Думалось о разном, больше — о матери: видать, дед своими словами разбередил память. Мать поехала к старшей, к Нюрке, которая рожала своего первенца где-то у черта на куличках, на краю света, в Туркмении. По географии Савка в школе имел одни пятёрки. Однако край, где жила сестра, представлялся ему каким-то неправдоподобным и экзотическим, вроде прерии или пампасов, где бродят бизоны и ягуары, а за каждым деревом прячется последний из могикан.

Он тогда невыносимо завидовал матери. Но денег было только-только ей на билет да на подарки Нюркиной семье. Мать утешала: съездишь, мол, ещё успеется.

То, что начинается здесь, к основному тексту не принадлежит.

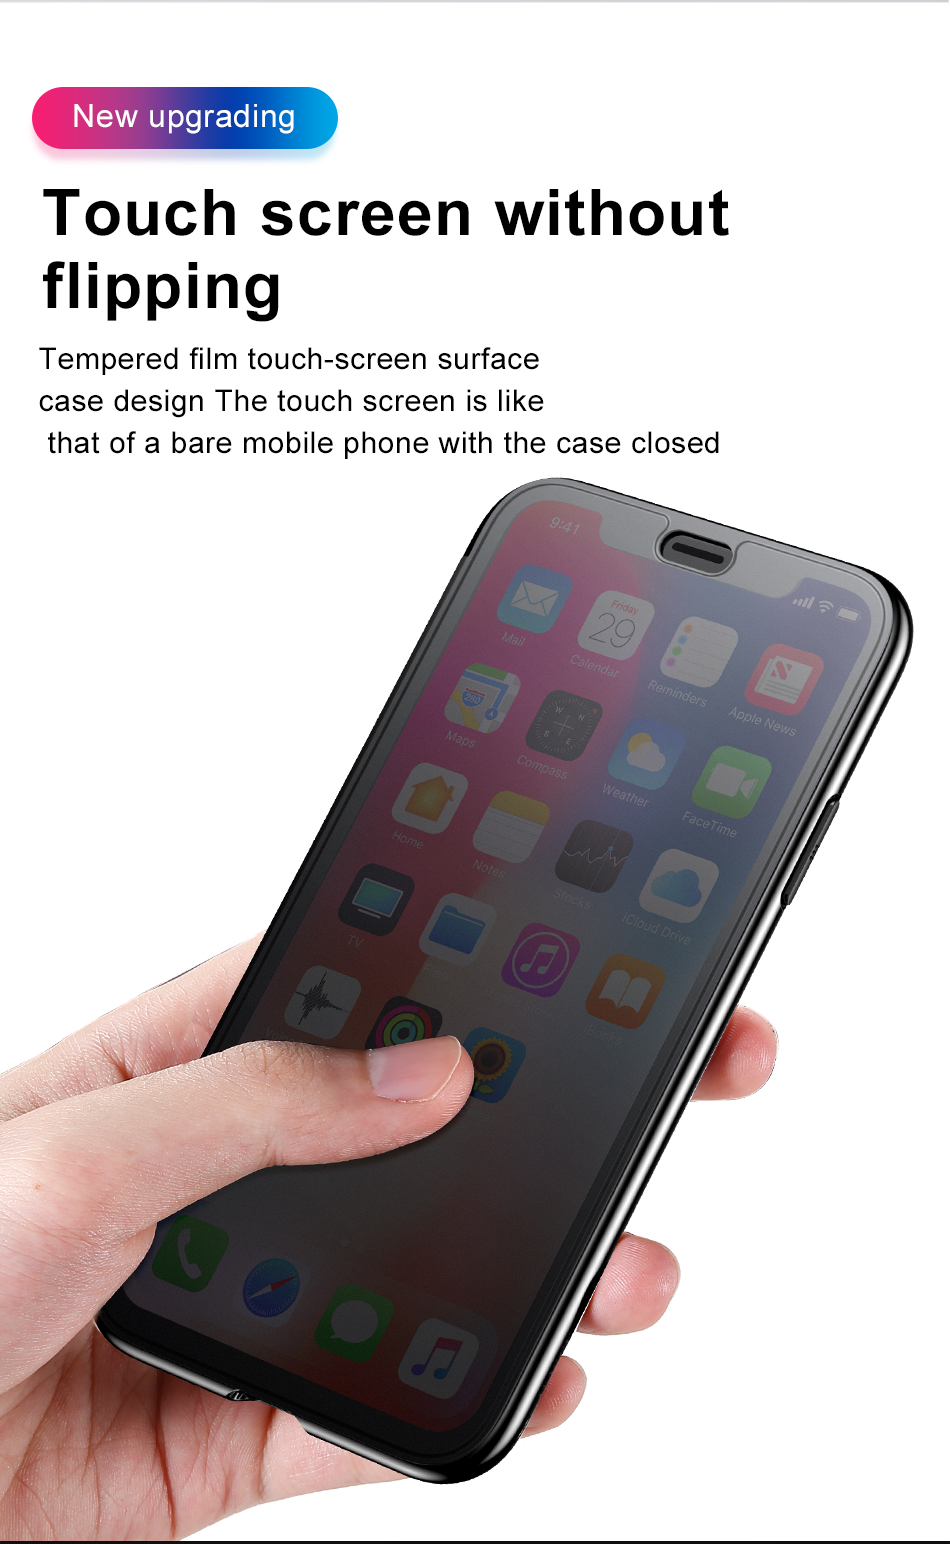 Apple Iphone XR, Baseus Érinthető Védőtok, 6,1″, Fekete

Проводили её воскресным днём, пятнадцатого, а через неделю началась война, и неизвестно было, успела ли она вообще добраться до Ашхабада. Не ближен свет, как говорит дед.

Остались они вдвоём с Савкой кукарекать, переживать оккупацию. Может, и к лучшему, что матери нет. Мать женщина властная, на слова несдержанная, да вдобавок ещё в поселковый Совет избрали. А председателя Совета вон, Жмакина, который эвакуироваться не успел, немцы увезли да и повесили, говорят, в городской тюрьме. И двух самых известных врачей городских постреляли — за саботаж, говорят, за отказ сотрудничать с новым порядком. Гори он ясным огнём, порядок этот! Всех кур да поросят в посёлке повымели, коров с телятами реквизировали. Если б не дед, пропадай с голодухи.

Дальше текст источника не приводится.